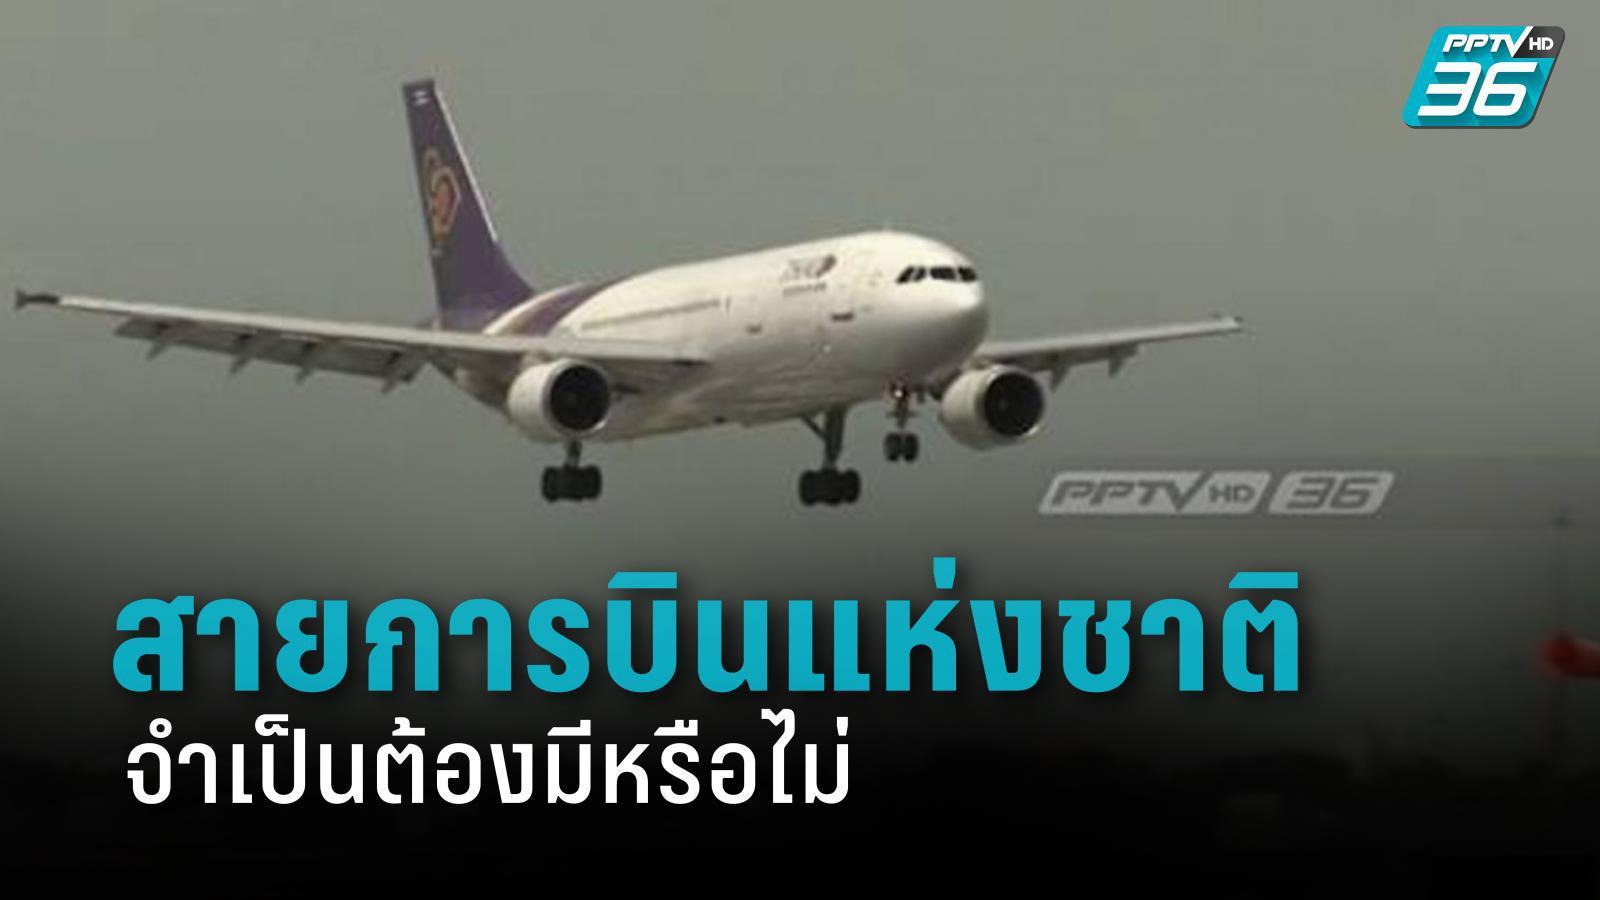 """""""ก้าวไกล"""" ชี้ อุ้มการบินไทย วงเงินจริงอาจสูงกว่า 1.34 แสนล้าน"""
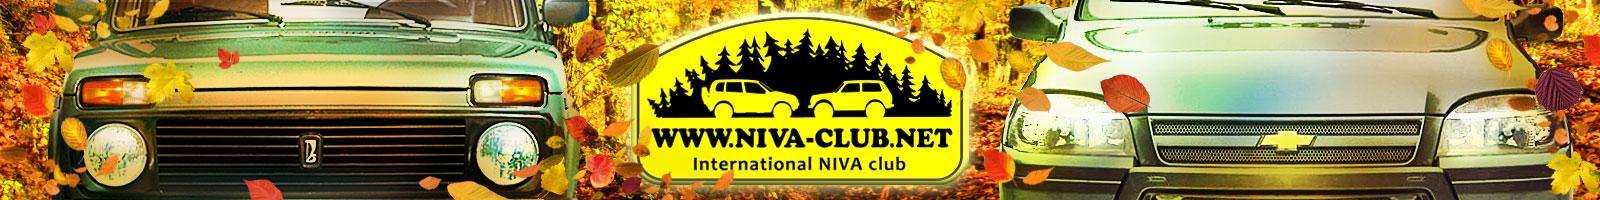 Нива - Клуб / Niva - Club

########################################

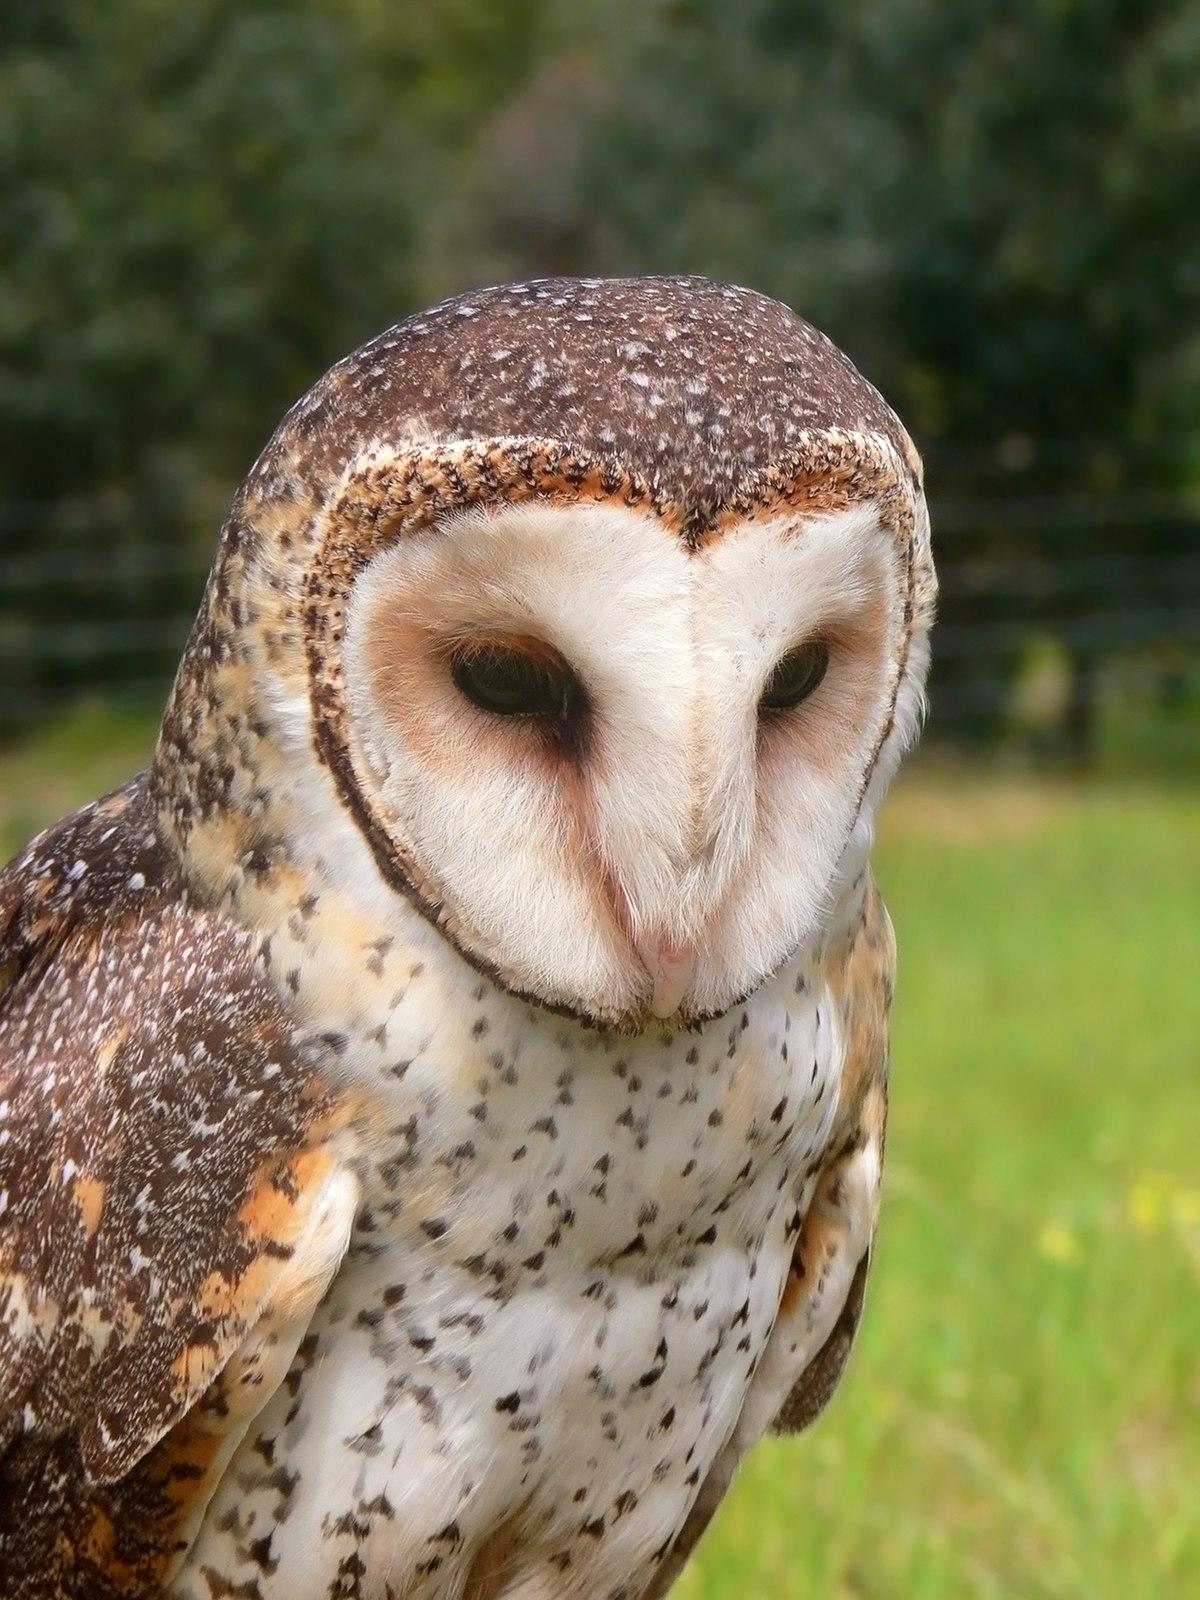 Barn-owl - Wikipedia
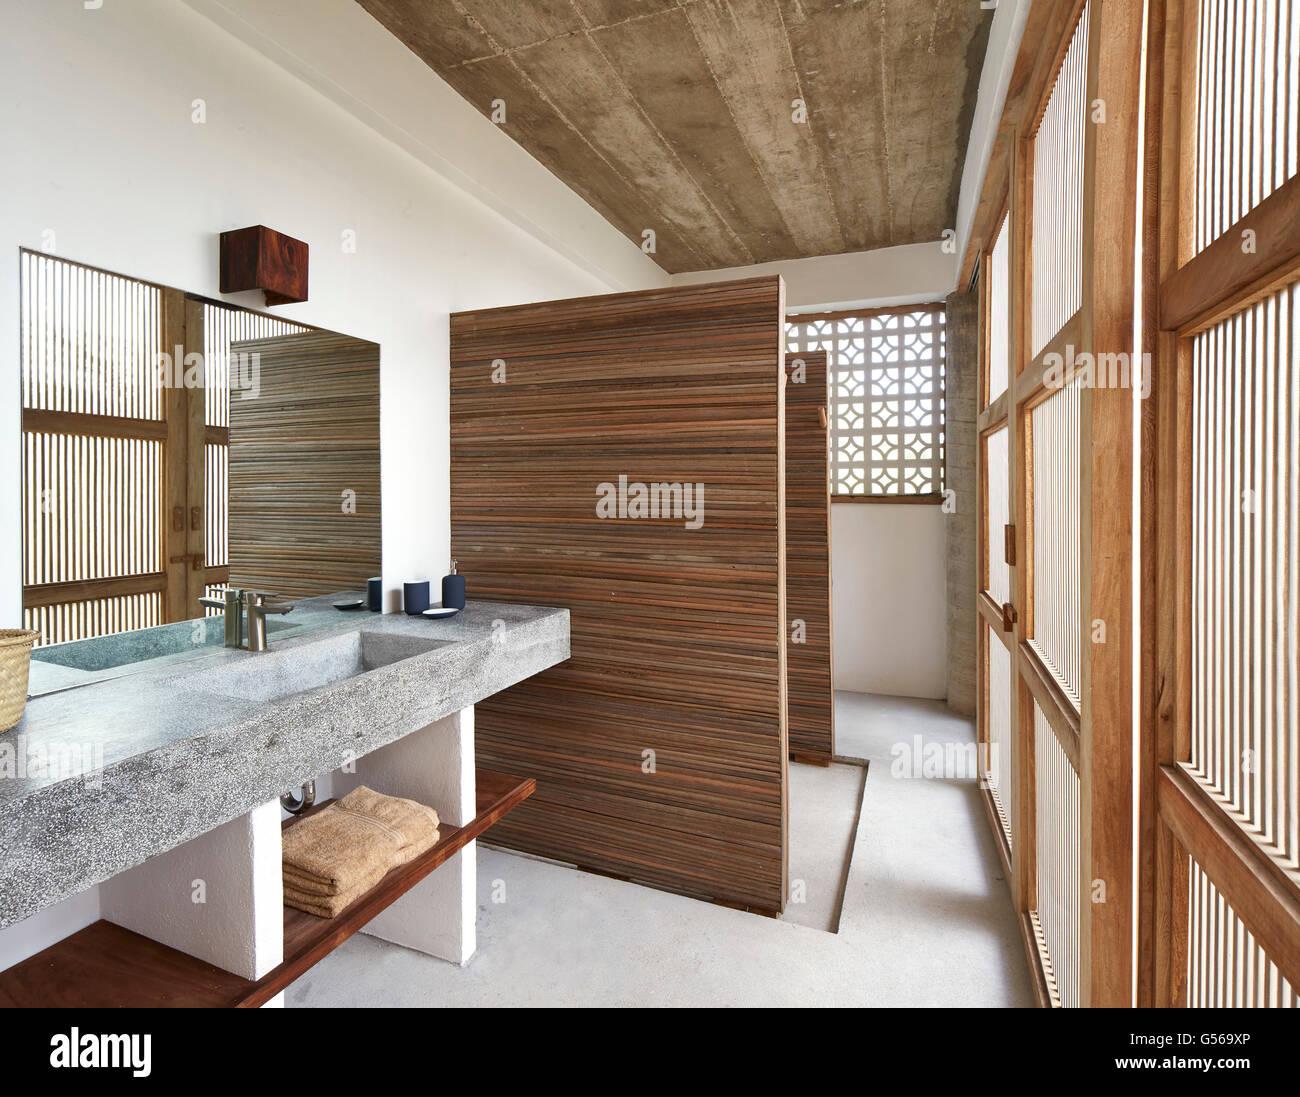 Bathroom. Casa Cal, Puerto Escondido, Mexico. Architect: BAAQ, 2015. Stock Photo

########################################

Set down exactly the lines above, from the line containing "ชี้ อุ้มการบินไทย วงเงินจริงอาจสูงกว่า" through the line containing "Нива - Клуб / Niva - Club". Skip the pictures.

 """""""ก้าวไกล"""" ชี้ อุ้มการบินไทย วงเงินจริงอาจสูงกว่า 1.34 แสนล้าน"""
 Нива - Клуб / Niva - Club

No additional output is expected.